Modifications in plans
Robert McFarlane resigned on December 5, 1985, citing that he
wanted to spend more time with his family; he was replaced by
Admiral
John Poindexter.
Two days later, Reagan met with his advisors at the White House,
where a new plan was introduced. This one called for a slight
change in the arms transactions: instead of the weapons going to
the moderate Iranian group, they would go to moderate Iranian army
leaders. As the weapons were delivered from Israel by air, the
hostages held by Hezbollah would be released. Israel would still
pay the United States for reimbursing the weapons. Though staunchly
opposed by
Secretary of
State George Shultz and
Secretary of Defense
Caspar Weinberger, the plan was
authorized by Reagan, who stated that, "We were
not
trading arms for hostages, nor were we negotiating with
terrorists." Now retired National Security Advisor McFarlane flew
to London to meet with Israelis and Ghorbanifar in an attempt to
persuade the Iranian to use his influence to release the hostages
before any arms transactions occurred; this plan was rejected by
Ghorbanifar.
On the day of McFarlane's resignation,
Oliver North, a military aide to the
United States National
Security Council (NSC), proposed a new plan for selling arms to
Iran, which included two major adjustments: instead of selling arms
through Israel, the sale was to be direct, and a portion of the
proceeds would go to
Contras, or Nicaraguan
guerilla fighters opposed to
communism, at a markup. North proposed a $15 million markup, while
contracted arms broker Ghorbanifar added a 41% markup of his own.
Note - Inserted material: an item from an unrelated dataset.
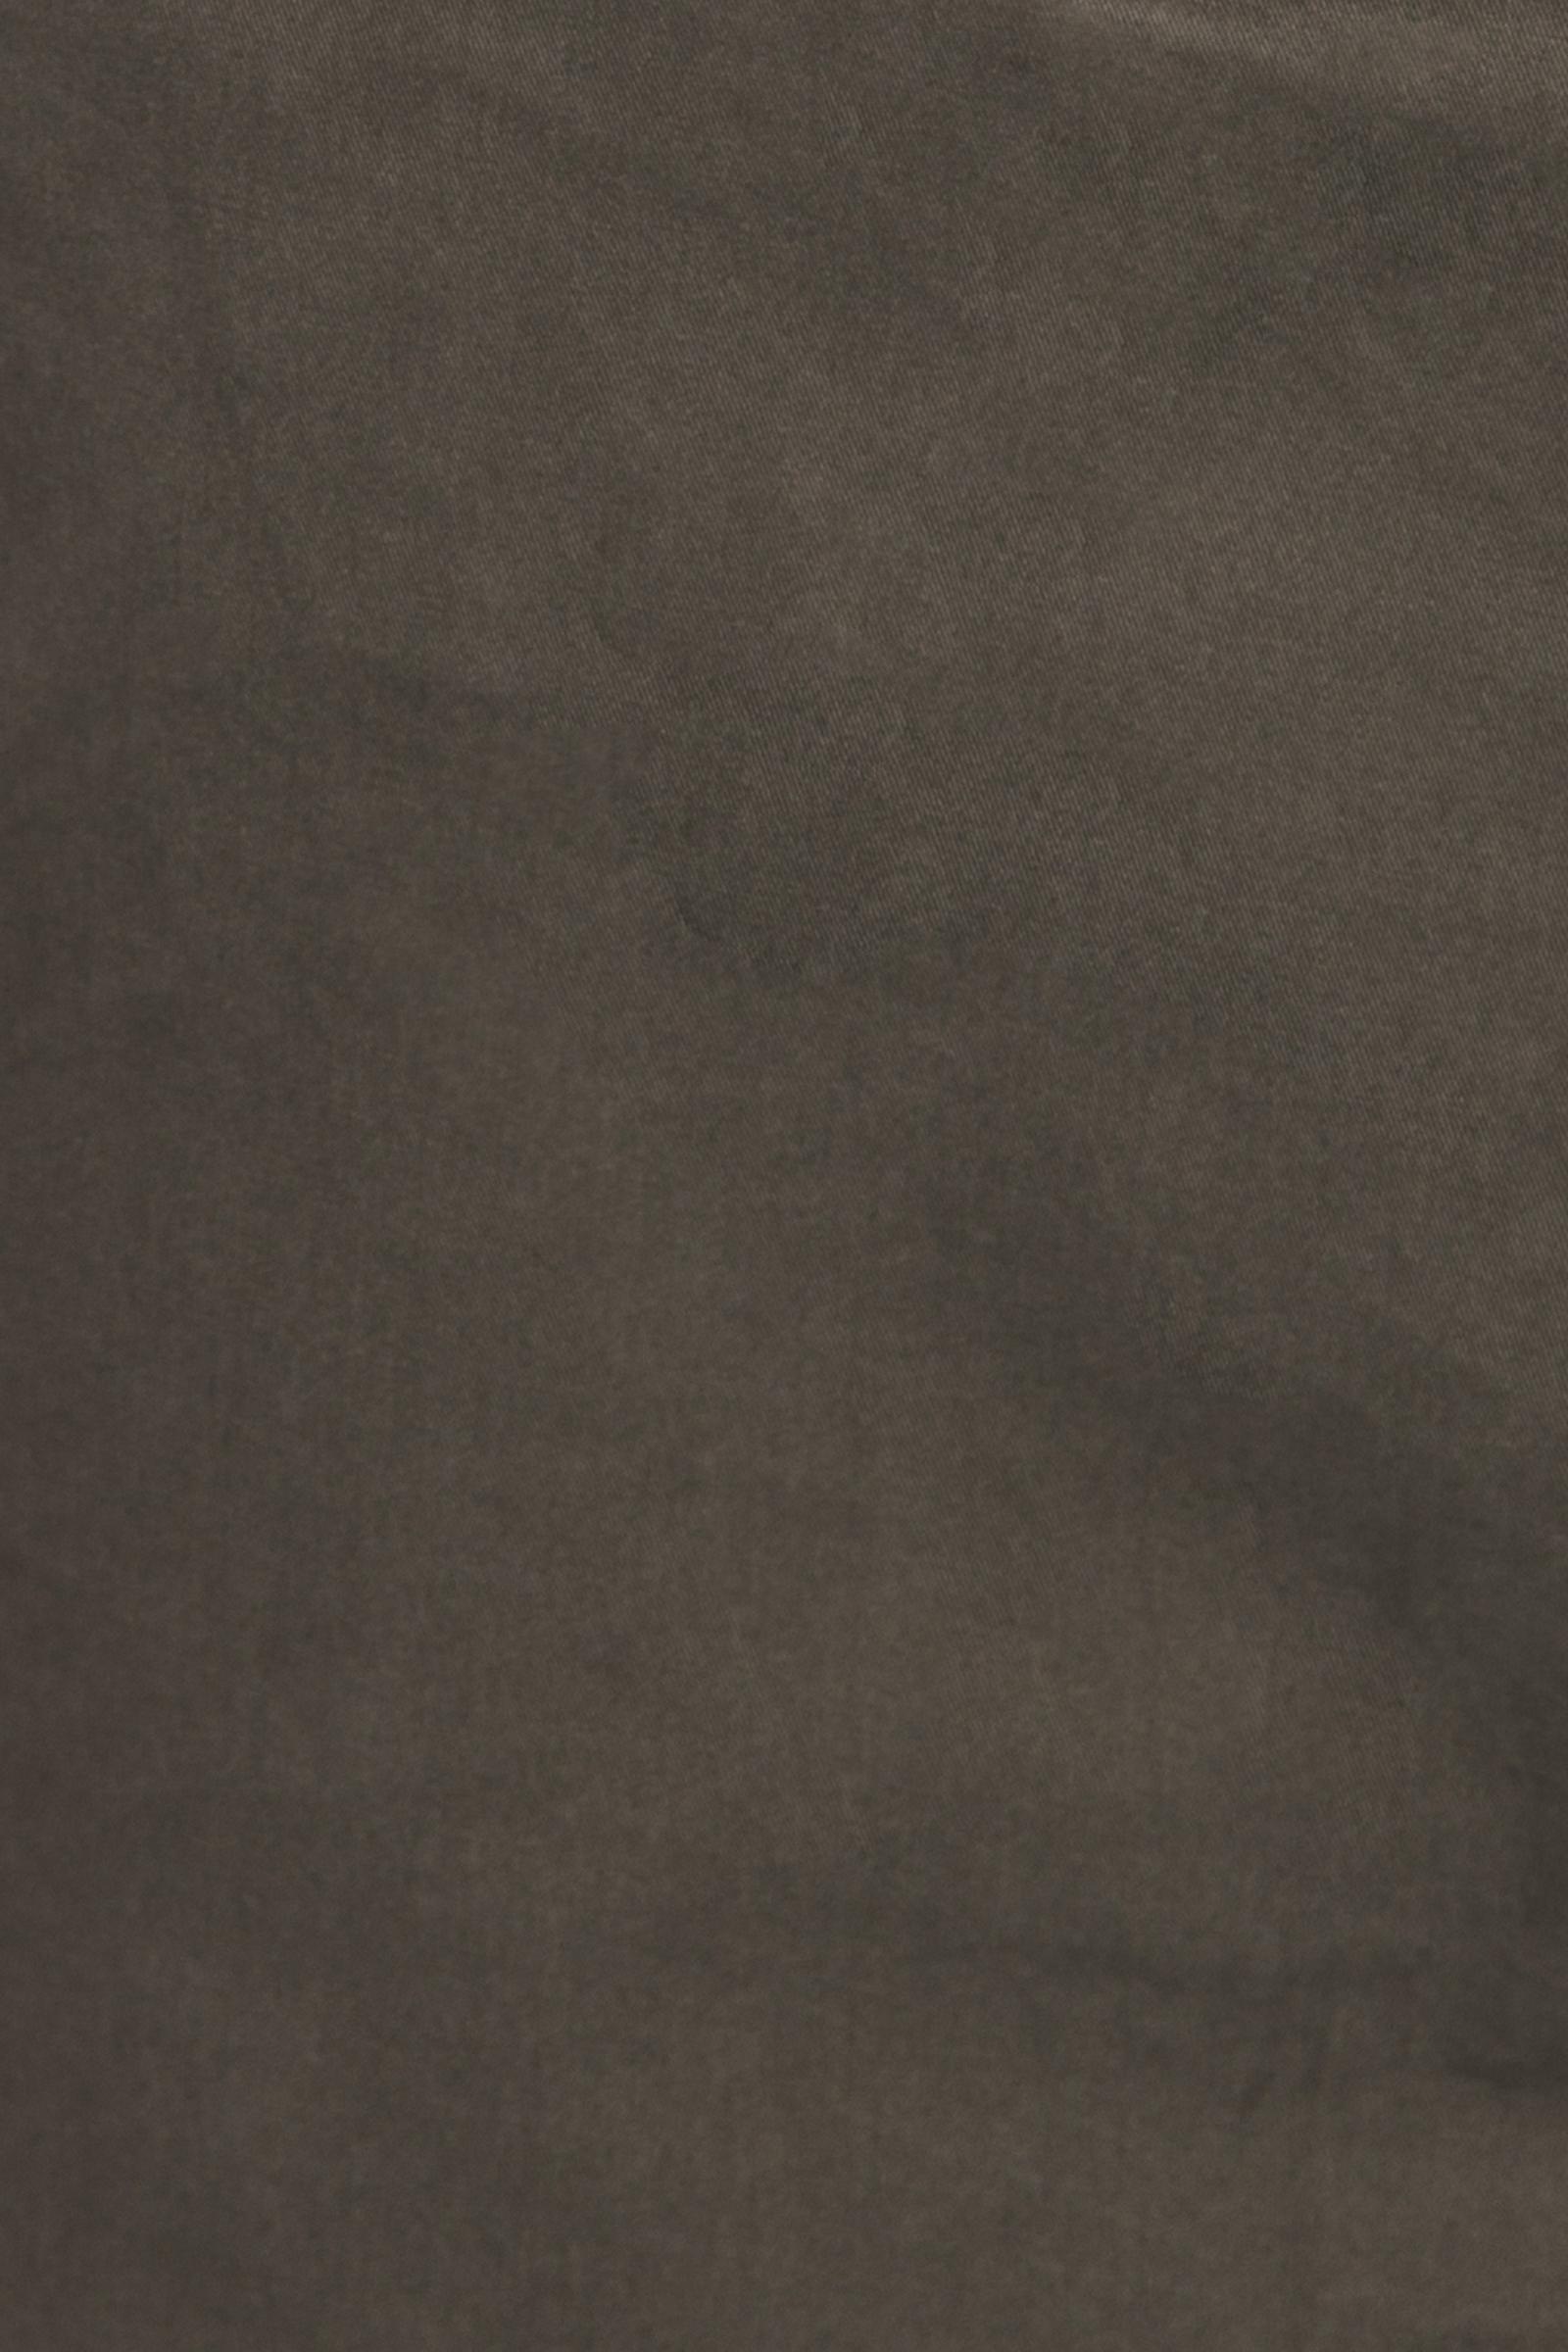 KOAJ-PANTALON KOAJ CHINO CP SLIM 9 1/18

Other members of the NSC were in favor of North's plan; with large
support, Poindexter authorized it without notifying President
Reagan, and it went into effect. At first, the Iranians refused to
buy the arms at the inflated price because of the excessive markup
imposed by North and Ghorbanifar. They eventually relented, and in
February 1986, 1,000 TOW missiles were shipped to the country. From
May to November 1986, there were additional shipments of
miscellaneous weapons and parts.
Both the sale of weapons to Iran, and the funding of the Contras,
attempted to circumvent not only stated administration policy, but
also the
Boland Amendment.
Administration officials argued that regardless of the Congress
restricting the funds for the Contras, or any affair, the President
(or in this case the administration) could carry on by seeking
alternative means of funding such as private entities and foreign
governments. Funding from one foreign country, Brunei, was botched
when North's secretary,
Fawn Hall,
transposed the numbers of North's Swiss bank account number. A
Swiss businessman, suddenly $10 million richer, alerted the
authorities of the mistake. The money was eventually returned to
the Sultan of Brunei, with interest.
On January 7, 1986, John Poindexter proposed to the president a
modification of the approved plan: instead of negotiating with the
moderate Iranian political group, the U.S. would negotiate with
moderate members of the Iranian government. Poindexter told Reagan
that Ghorbanifar had important connections within the Iranian
government, so with the hope of the release of the hostages, Reagan
approved this plan as well. Throughout February 1986, weapons were
shipped directly to Iran by the United States (as part of Oliver
North's plan, without the knowledge of President Reagan) and none
of the hostages were released.
Retired National Security Advisor McFarlane
conducted another international voyage, this one to Tehran
. He met directly with the moderate Iranian
political group that sought to establish U.S.-Iranian relations in
an attempt to free the four remaining hostages. This meeting also
failed.
The members requested demands such as
Israel's withdrawal from the Golan Heights
, which the United States rejected.
Subsequent dealings
In late July 1986, Hezbollah released another hostage, Father
Lawrence Martin Jenco, former head of Catholic Relief Services in
Lebanon. Following this,
William
Casey, head of the CIA, requested that the U.S. authorize
sending a shipment of small missile parts to Iranian military
forces as a way of expressing gratitude. Casey also justified this
request by stating that the contact in the Iranian government might
otherwise lose face, or be executed, and hostages killed. Reagan
authorized the shipment to ensure that those potential events would
not occur.
In September and October 1986 three more Americans — Frank Reed,
Joseph Ciccipio, Edward Tracy — were abducted in Lebanon by a
separate terrorist group. The reasons for their abduction are
unknown, although it is speculated that they were kidnapped to
replace the freed Americans. One more original hostage, David
Jacobsen, was later released. The captors promised to release the
remaining two, but the release never happened.
Discovery and scandal
After a leak by Iranian radical
Mehdi
Hashemi, the Lebanese magazine
Ash-Shiraa exposed the arrangement on
November 3, 1986. This was the first public reporting of the
weapons-for-hostages deal. The operation was discovered only after
an airlift of guns was downed over Nicaragua.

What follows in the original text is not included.